Mexican actress (born 1966)

Diana Sabine Moussier (/es/; born on July 12, 1968) is a Mexican actress who is best known for her villainous roles in Televisa's telenovelas, such as María Isabel, El privilegio de amar, Entre el amor y el odio, La madrastra, Amar sin límites, Piel de otoño, Amor sin maquillaje, Las tontas no van al cielo, Mi pecado, Abismo de pasión, La malquerida, Que te perdone Dios, Sueño de amor, Me declaro culpable and Perdona nuestros pecados. She starred as the protagonist in Ni contigo ni sin ti.

== Biography ==
Diana Sabine Moussier was born on July 12, 1966, in Leverkusen, North Rhine-Westphalia, West Germany. Her mother was from Sinaloa, Mexico, and her father was from Mexico City. During her pregnancy, her mother temporarily moved to Germany. Shortly after her birth, both returned to Mazatlán, Sinaloa, where Moussier grew up. Throughout her childhood and youth, her mother made her believe that her real name was Diana Sabine Kronz Moussier, based on a fake birth certificate. Additionally, she told her that her father was a German man whom she had separated from due to circumstances related to the Berlin Wall.

=== Career ===
Soon after graduating from CEA, Moussier found work as the co-host of Al ritmo de la noche with Jorge Ortiz de Pinedo. In 1996, she was cast in minor roles in Morir dos veces and Luz Clarita. The following year, Moussier portrayed the pianist Mireya Serrano in María Isabel.

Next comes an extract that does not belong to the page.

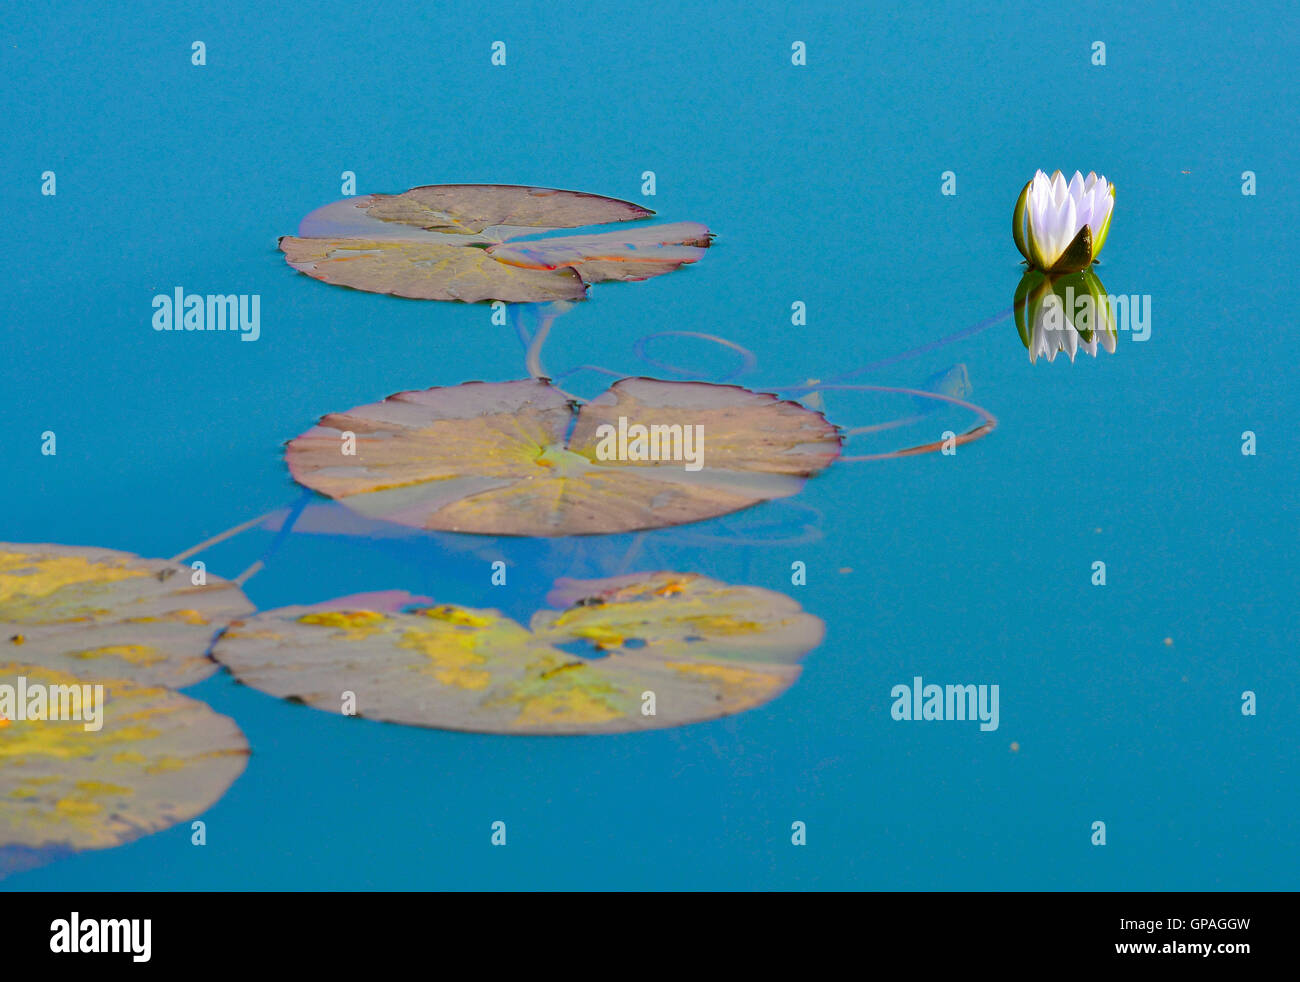 Seerose mit großen, grünen Blätter auf Himmelblau Teich mit starken Gegenwartsgesellschaft. Schöne ruhige Wasser spiegelt den Himmel und Lilie Stockfoto

Moussier's recognition increased in 1998 when she was cast in El privilegio de amar as the sympathetic model Lorenza Torres, which some have referred to as Moussier's best role yet. Moussier later won the award for Best New Actress at the 1999 Premios TVyNovelas ceremony for her portrayal of Lorenza. That same year, she took on the role of the adulterous Diana de Lizárraga in Mujeres engañadas, alongside Arturo Peniche.

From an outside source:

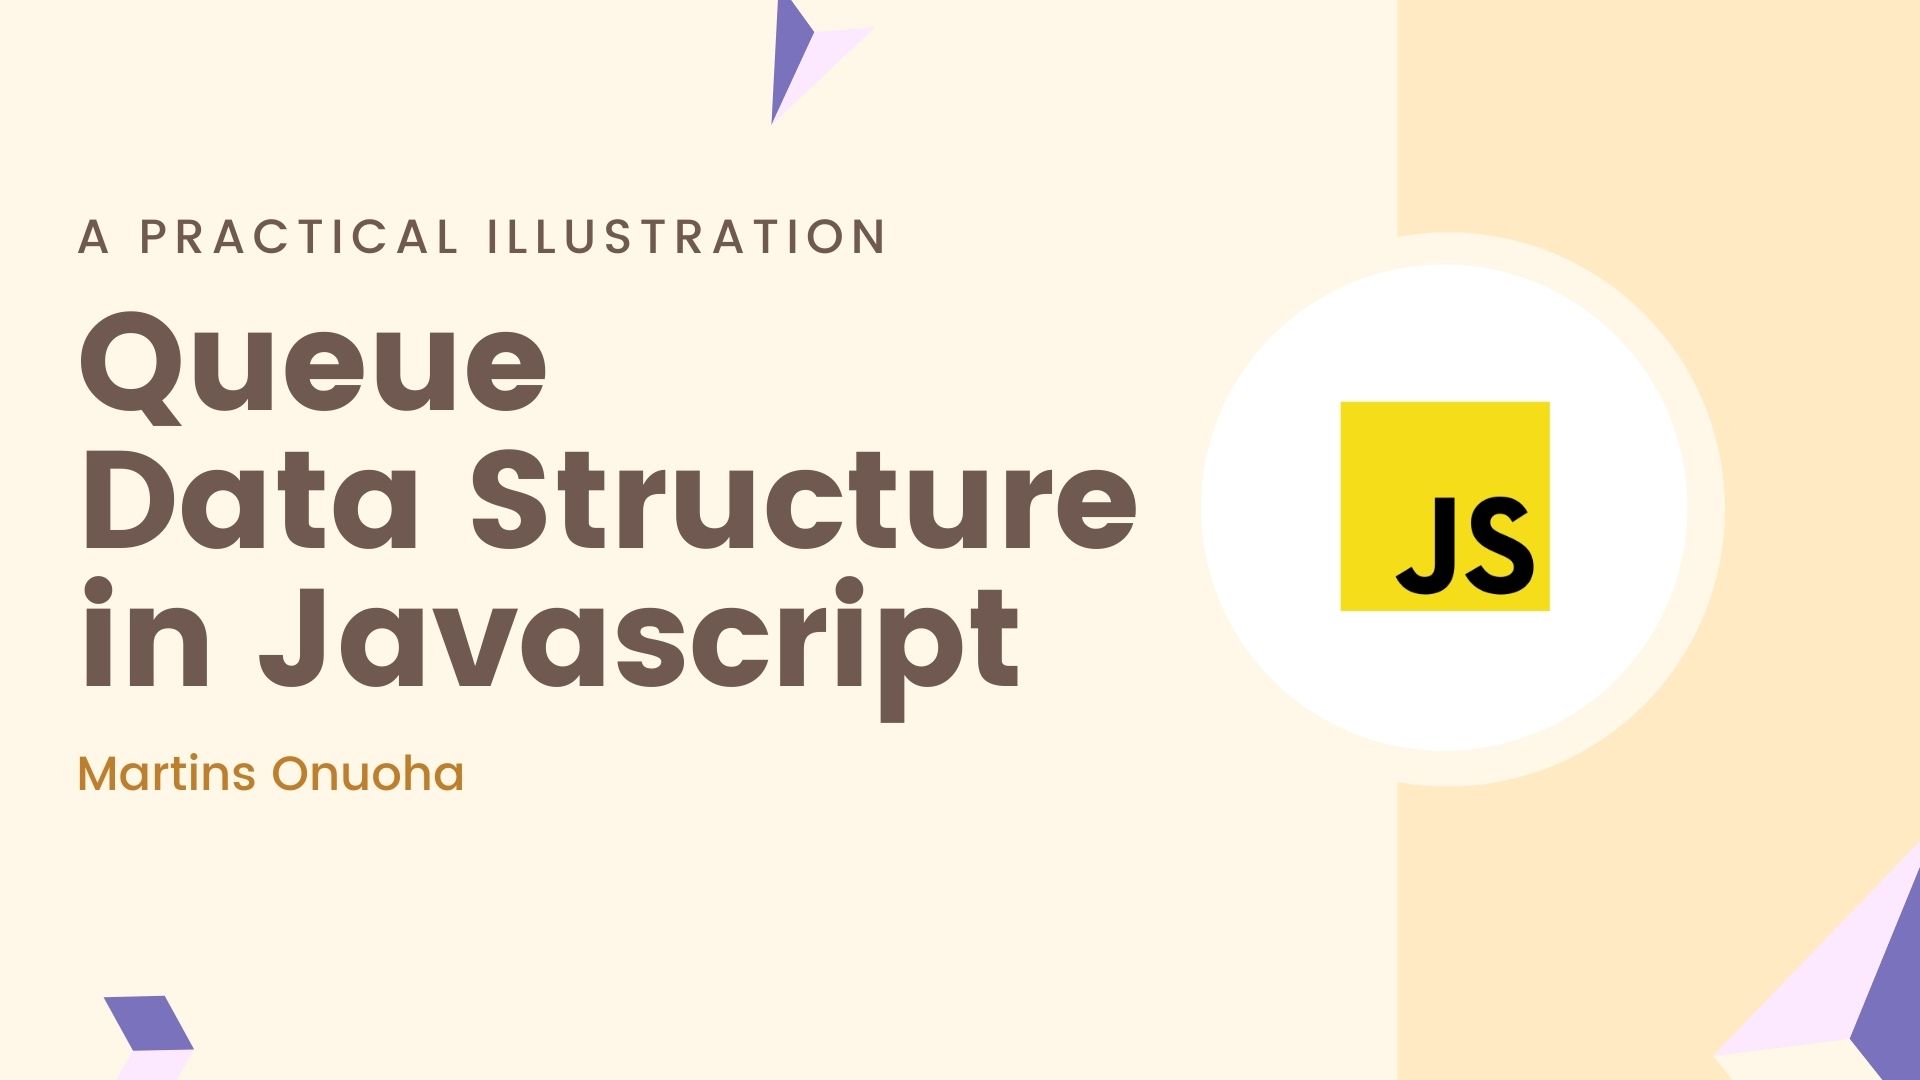 Queue Data Structure in JavaScript

In 2001, Moussier joined the cast of El derecho de nacer (a remake of the 1981 telenovela) as Graciela, a seemingly demure secretary who, disguised as a nun, frequents Yucatec brothels in order to satisfy not only her clients' base desires, but her own as well. The following year, she starred alongside César Évora and Susana González in Entre el amor y el odio, in which she portrayed the scheming Frida, the series' primary villainess, who plots alongside the odious Marcial (Alberto Estrella) to marry Évora's Octavio and gain control of his family's lands.

Following the August 2002 finale of Entre el amor y el odio, Moussier took a two-and-a-half-year hiatus from her career in order to give birth to, and care for, her newborn daughter. In February 2005, Moussier starred as Évora's ex-fiancée in La madrastra as the vain and haughty murder suspect Fabiola de Mendizábal, a character with hints of mental instability who nonetheless redeems herself by the novela's end and winds up happy with her equally suspicious husband, Bruno (René Casados). Three months later, she debuted in Piel de otoño as ambitious businesswoman Rebeca Franco, who carries on an affair with the heroine's villainous husband Ramón (Sergio Goyri).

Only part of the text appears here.